Edge computing vision: This is about finding new business opportunities as digital technologies are applied to operations. Organizations will not have a digital business strategy without edge computing.
Edge computing use cases: Proactively understand what is possible and identify the requirements to accomplish these use cases. This isn’t only about the future – identify any existing edge computing deployments within the organization, such as those that may be OT-driven.
Edge computing challenges: Use cases are varied but there is a common set of challenges that must be addressed. These include distributed computing (e.g., scale, remote management, autonomy); distributed data; security and privacy; and extensibility (e.g., how to move from a single use case to many).

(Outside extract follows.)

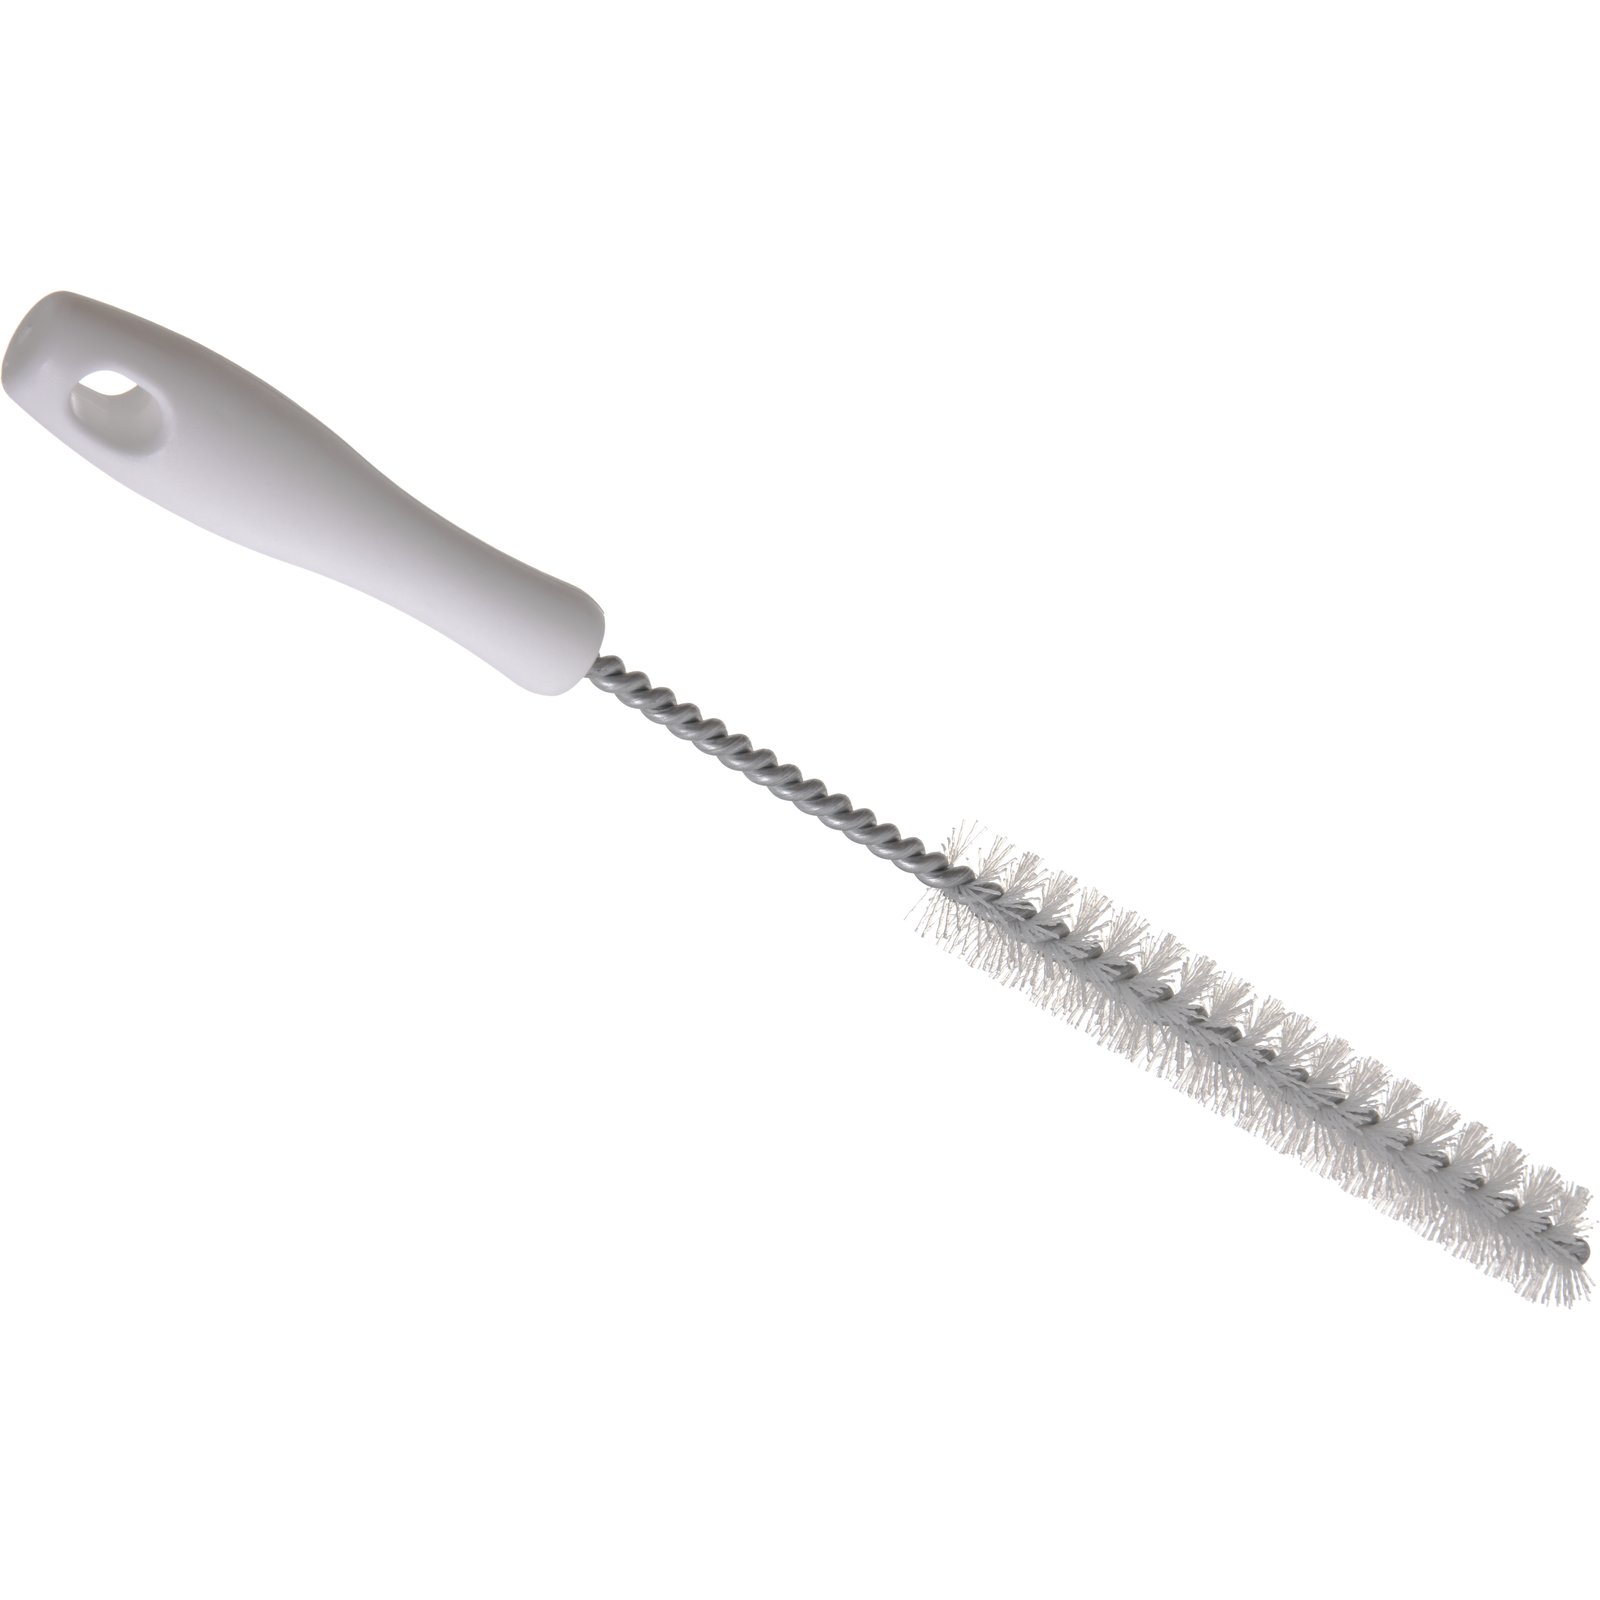 USA MADE Carlisle® Sparta® Spectrum® CIP Clean-In-Place 11.5" White Hook Brush

Edge computing standards: Create a roadmap for future use cases by putting best practices, frameworks, and skills into place. Avoid recreating the wheel each time.
Edge computing execution: Create a plan to manage deployment and avoid projects stalling between proof of concept (POC) and production.

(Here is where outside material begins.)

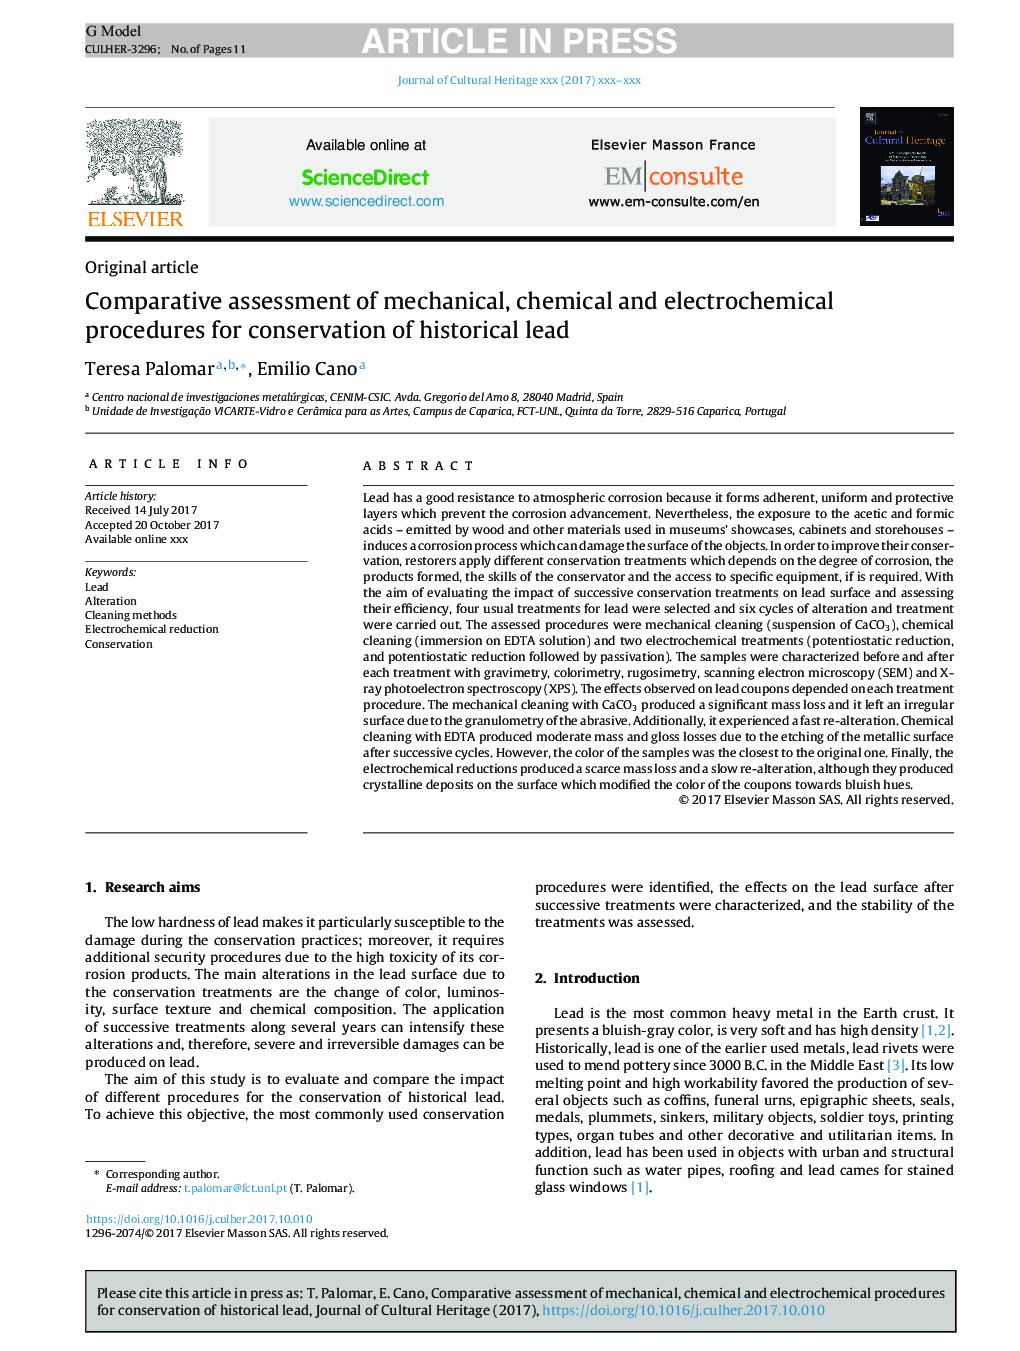 Comparative assessment of mechanical, chemical and electrochemical procedures for conservation of historical lead

By taking the time to develop an edge computing strategy, organizations can avoid the pitfalls that have challenged so many who dove in without a concerted plan. In fact, Bittman pointed out that through 2022, Gartner anticipates that 50% of edge computing solutions that worked as POCs will fail to scale for production use. If I&O drives the creation of a strategy that has the buy-in of executives and is aligned with the business goals, then the guidelines will be in place to build off the success of initial edge computing projects and drive new opportunities through additional use cases.

As we think about new opportunities, it’s important to keep in mind that much of what edge computing enables is net new to the business. In his second session of the day, “Exploring the Edge: What’s Really Happening Out There,” Bittman reminded the audience that digital transformation is altering the shape of infrastructure and changing how technology is used, how people and things interact, and where data and infrastructure lives. As the world becomes more digital, every vertical and every type of business will have an edge computing component. While some use cases are more mature (such as video analysis, predictive maintenance, and surveillance) than others, even the most nascent ones, such as immersive experiences within the gaming industry, will eventually get to the enterprise.

One only has to look at the agenda for this year’s conference to understand the impact edge computing is already having on enterprises. Nearly a dozen sessions are devoted to different aspects of the technology sector – from high-level strategy to security to storage and more. Edge computing is coming to organizations whether they are prepared or not, so it’s critical that I&O get in front of this ball as well.